Oruganti Mallikarjuna S, Haroon Ahmed Mohammed, Nadeem Ayman, Narreddy Manasi, Simarla Sumana, Manideep Katta, Athmakuri Krishna S, Sheik Asma Farheen, Bairam Saieesh, Tabassum Sameena
Internal Medicine, Osmania Medical College, Hyderabad, IND.
Radiodiagnosis, Gandhi Medical College, Hyderabad, IND.

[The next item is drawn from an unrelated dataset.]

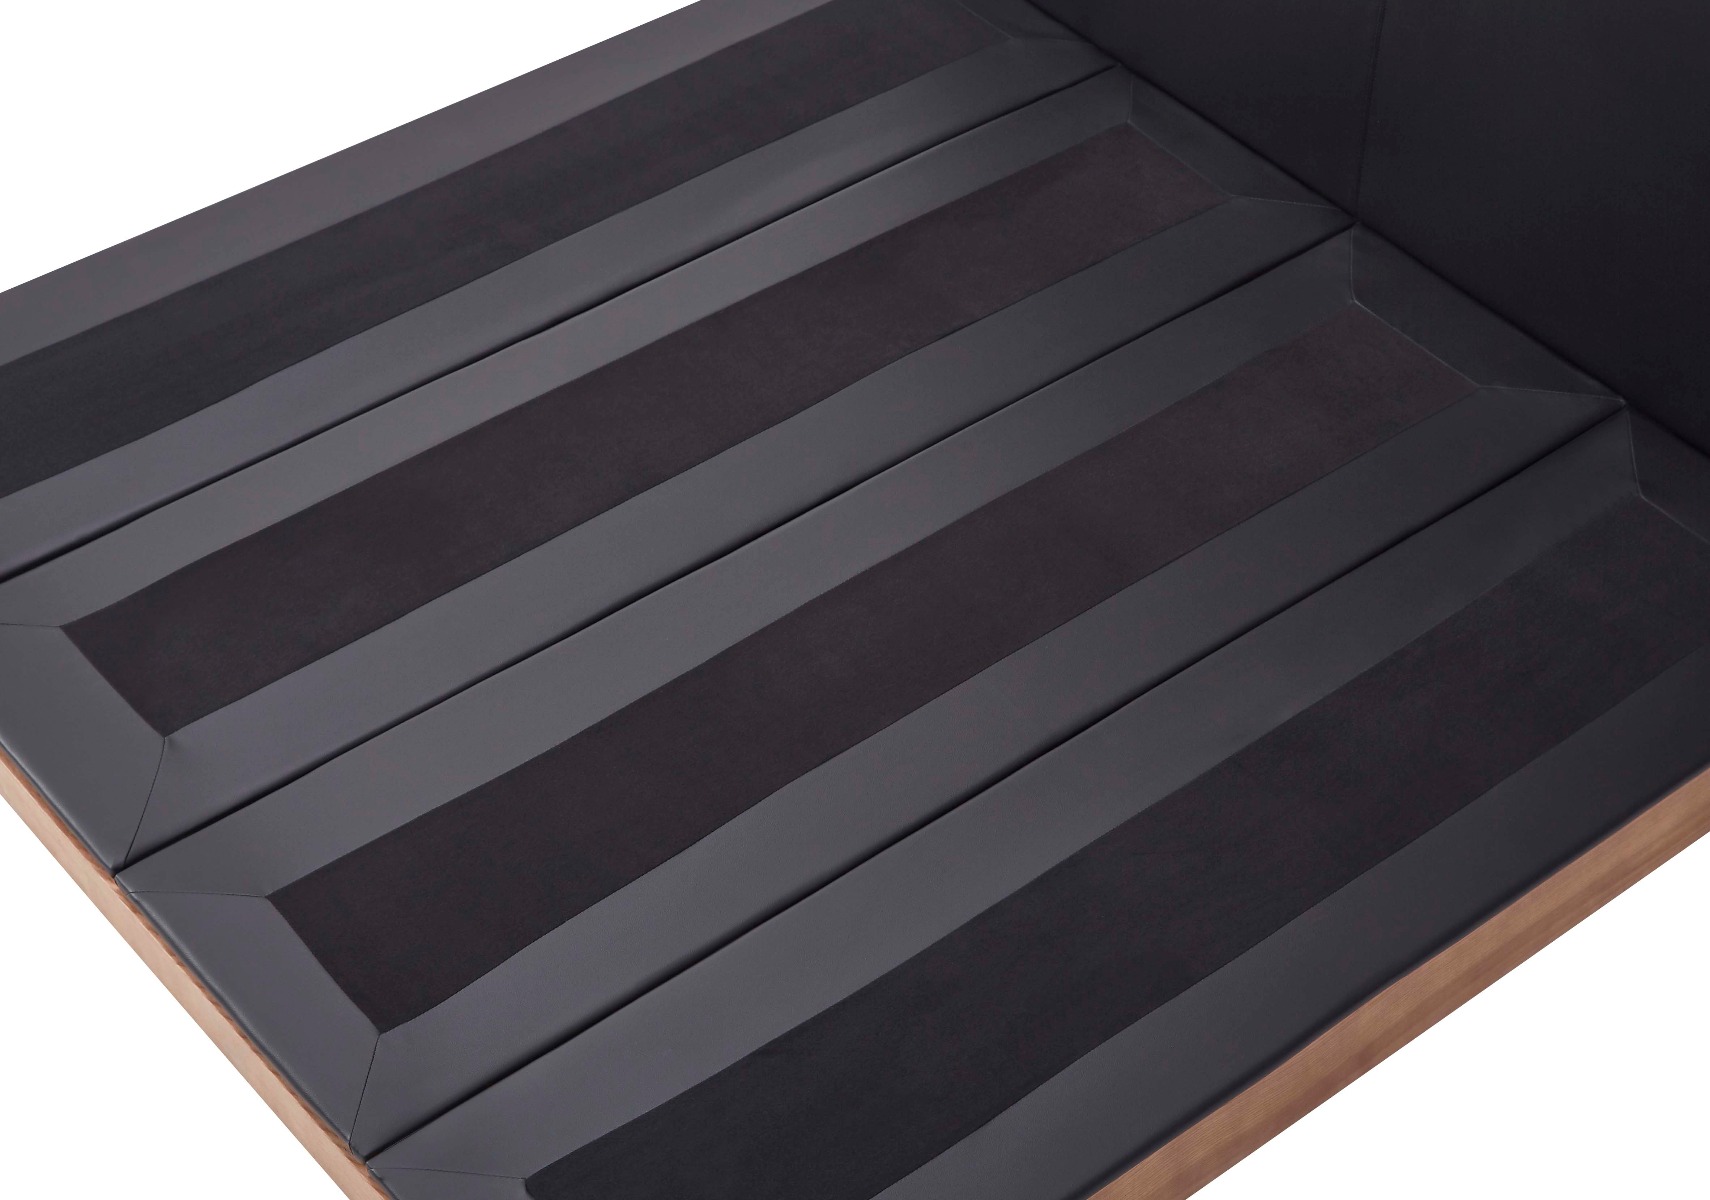 A flat base reduces sinking or sagging from your mattress.

Cureus. 2024 Oct 27;16(10):e72477. doi: 10.7759/cureus.72477. eCollection 2024 Oct.
Takayasu arteritis (TA), a rare large-vessel vasculitis, primarily affects women of childbearing age, causing granulomatous inflammation in the aorta and its major branches. This inflammation can lead to stenosis, aneurysms, or occlusion, with the abdominal aorta, subclavian, and brachial arteries commonly involved. We present the case of a 26-year-old female with TA with a rare involvement of the superior mesenteric artery (SMA). The patient presented with progressive shortness of breath and exertional pain in the left upper limb, suggesting claudication. Echocardiography showed an ejection fraction of 45% and right ventricular systolic pressure of 65 mmHg. CT angiography (CTA) revealed diffuse involvement of the abdominal aorta with non-opacification of SMA, and other findings were consistent with TA type 5. The patient was successfully treated with methylprednisolone to induce remission, along with guideline-directed medical therapy for heart failure.
高安动脉炎(TA)是一种罕见的大血管血管炎,主要影响育龄女性,可导致主动脉及其主要分支出现肉芽肿性炎症。这种炎症可导致狭窄、动脉瘤或闭塞,腹主动脉、锁骨下动脉和肱动脉常受累。我们报告一例26岁患有TA的女性病例,其肠系膜上动脉(SMA)罕见受累。患者表现为进行性气短和左上肢运动性疼痛,提示间歇性跛行。超声心动图显示射血分数为45%,右心室收缩压为65 mmHg。CT血管造影(CTA)显示腹主动脉弥漫性受累,SMA不显影,其他表现符合5型TA。患者通过甲基强的松龙诱导缓解,并接受心力衰竭的指南指导药物治疗,治疗成功。